-- Exercise details --
Starting at the line that contains "Plastic building blocks by nenov" and stopping after the line that contains "Polar Beanies Pattern (Sold per Each)", transcribe the listing below exactly; do not include any pictures.

-- Extracted material --
◇ ◇ ◇ ◇ ◇ ◇ ◇
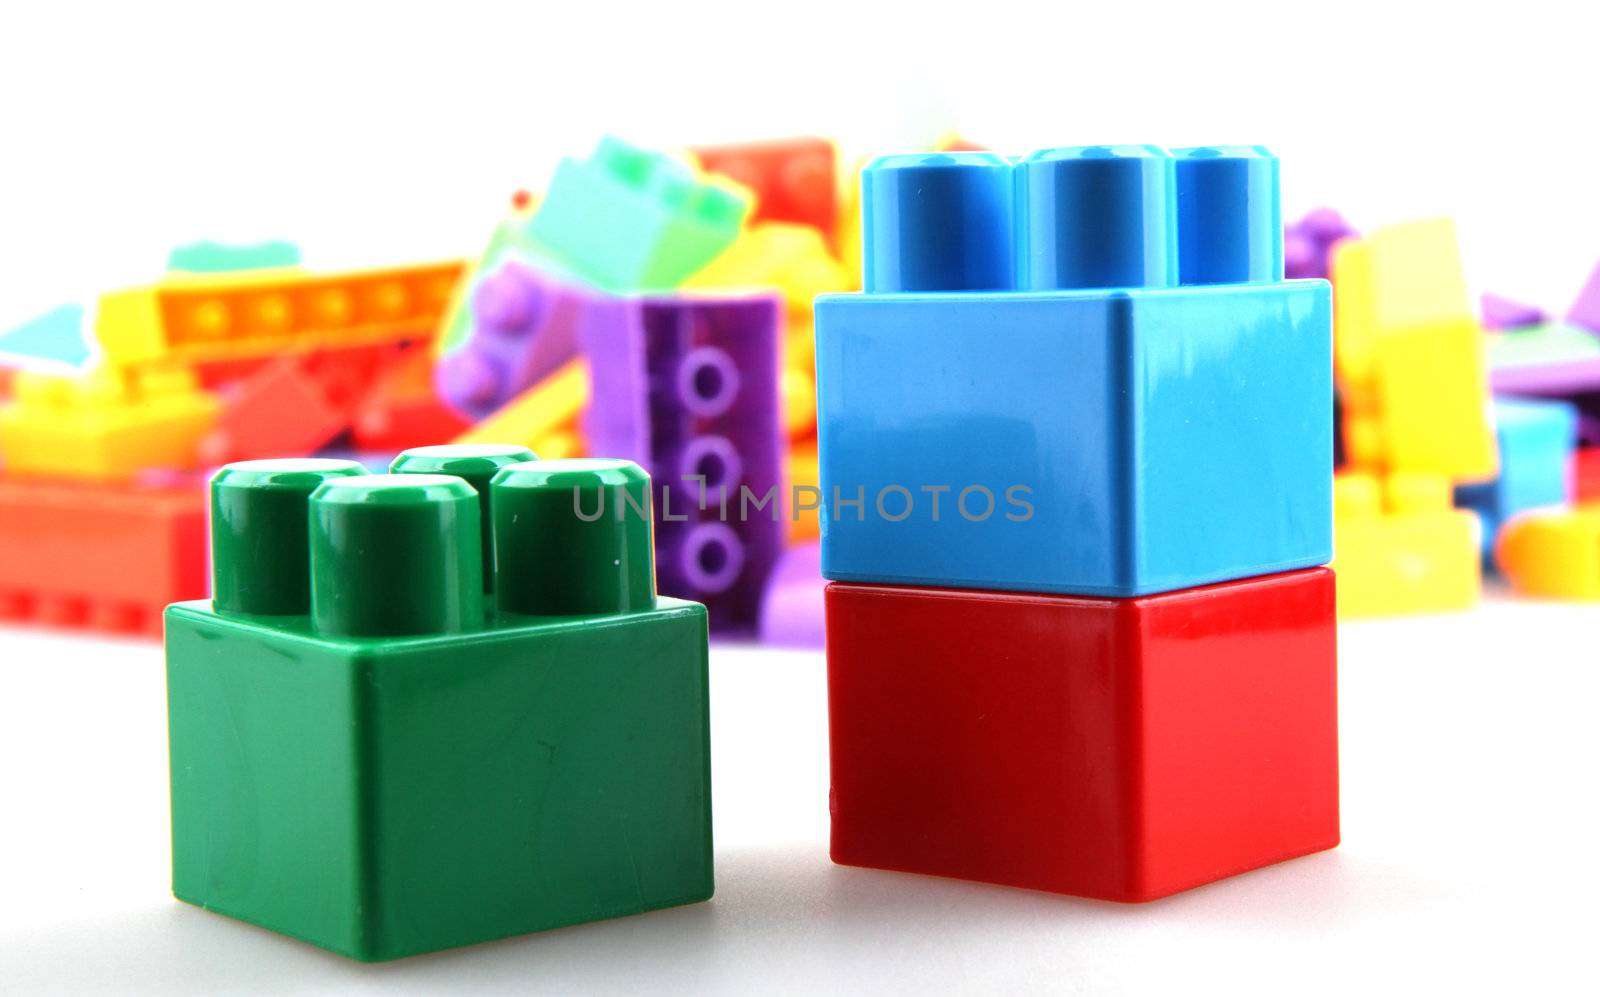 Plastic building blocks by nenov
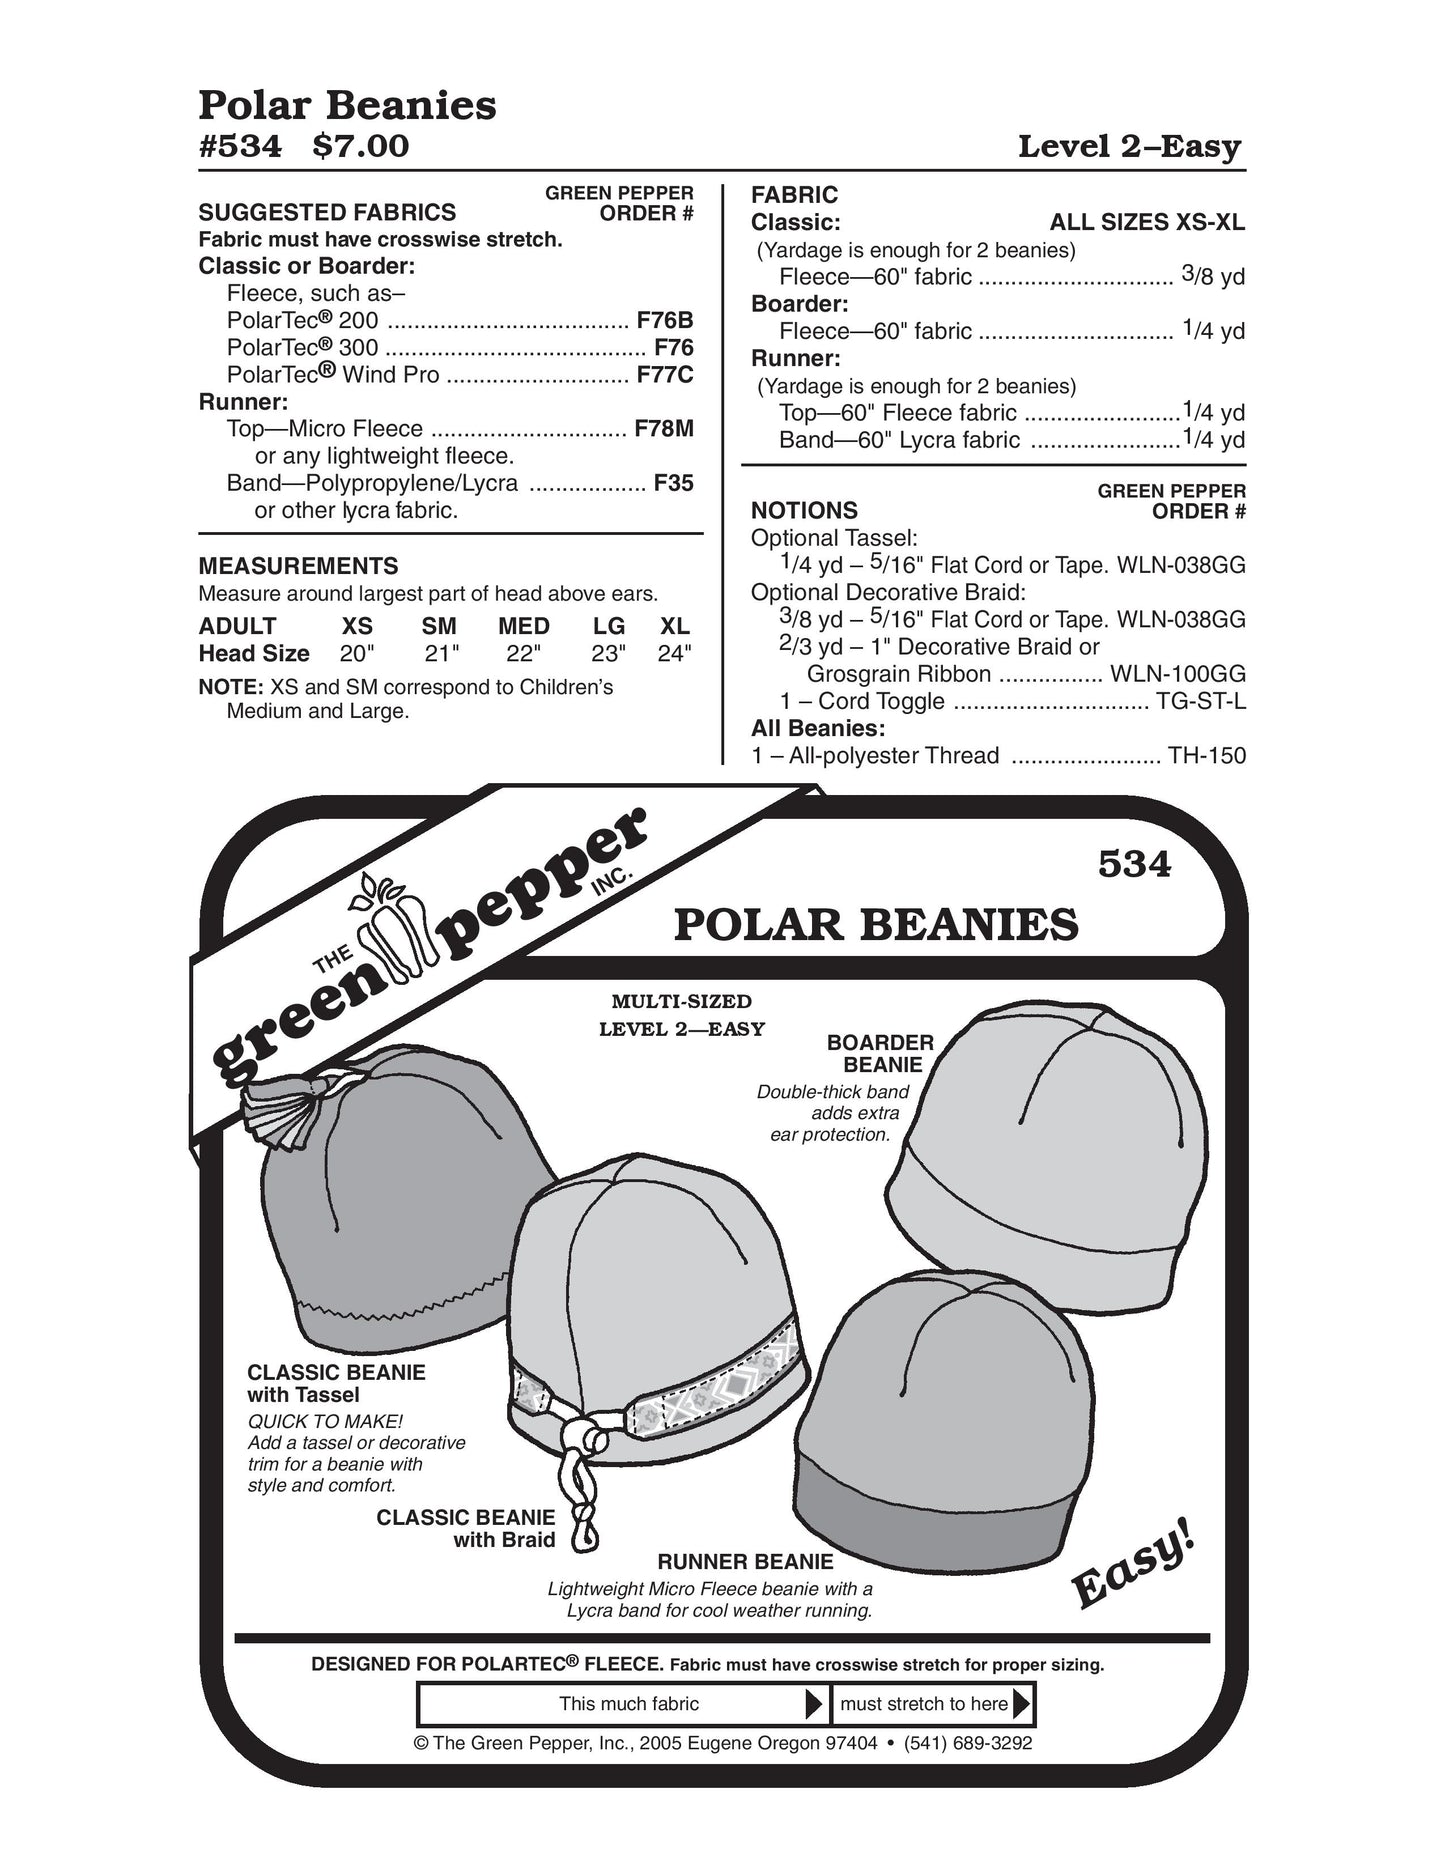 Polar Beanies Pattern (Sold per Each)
◇ ◇ ◇ ◇ ◇ ◇ ◇
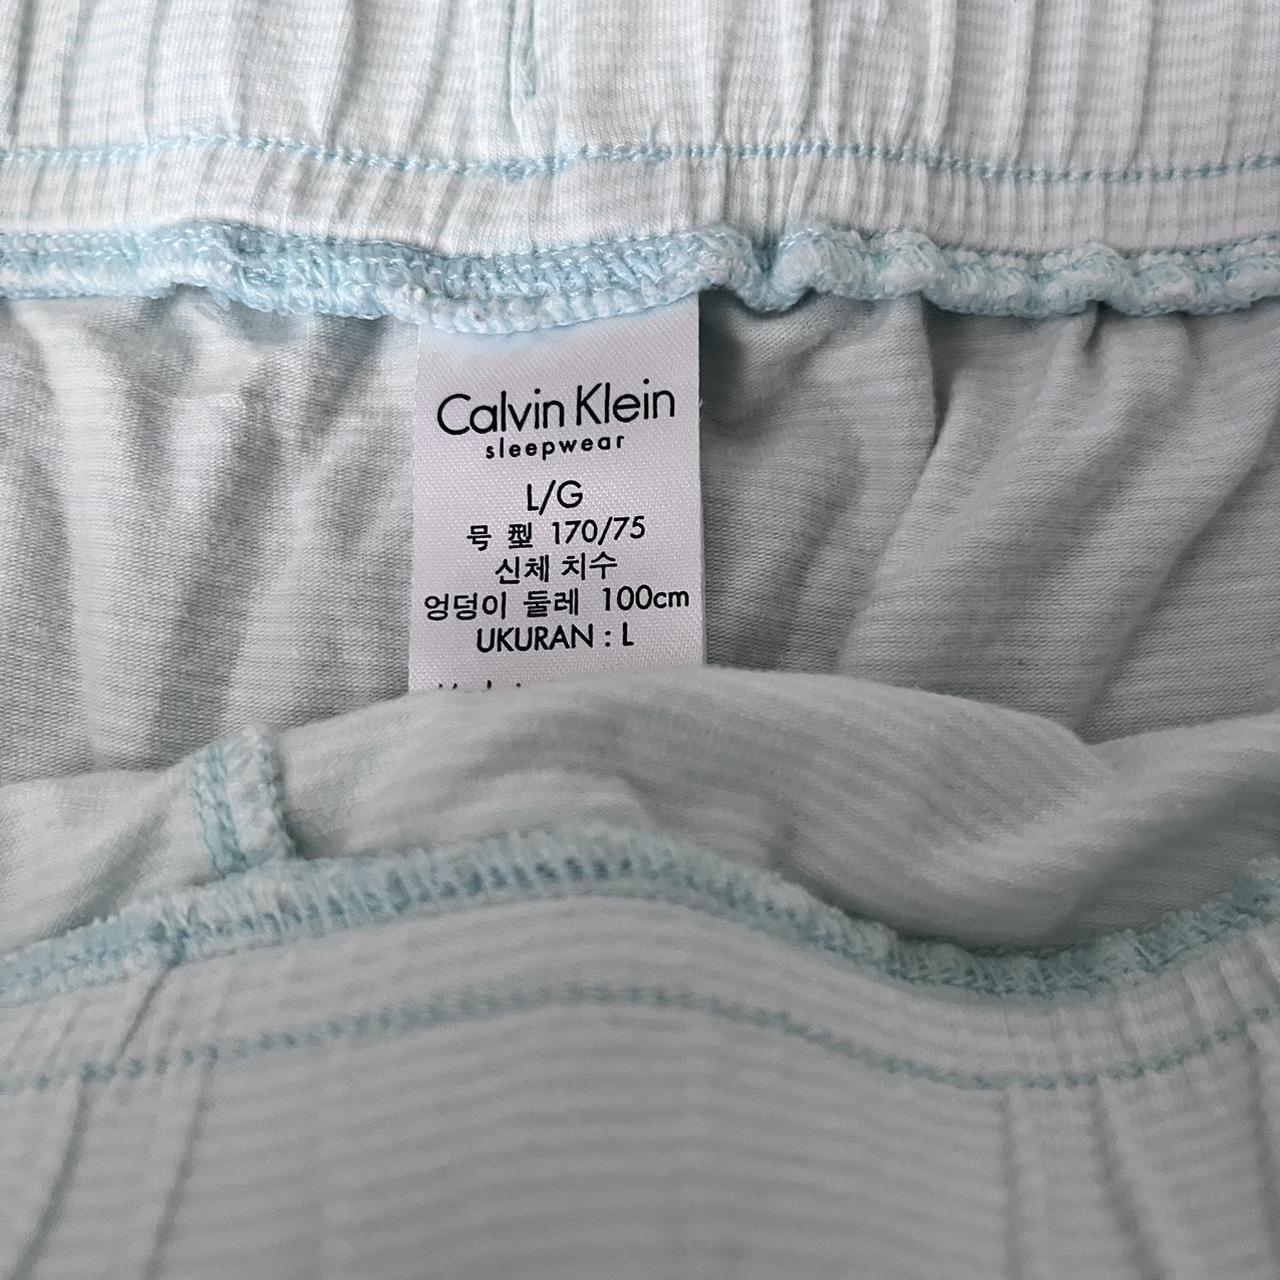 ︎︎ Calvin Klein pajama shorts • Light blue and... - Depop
◇ ◇ ◇ ◇ ◇ ◇ ◇
-- The completed task --
 Plastic building blocks by nenov
 Polar Beanies Pattern (Sold per Each)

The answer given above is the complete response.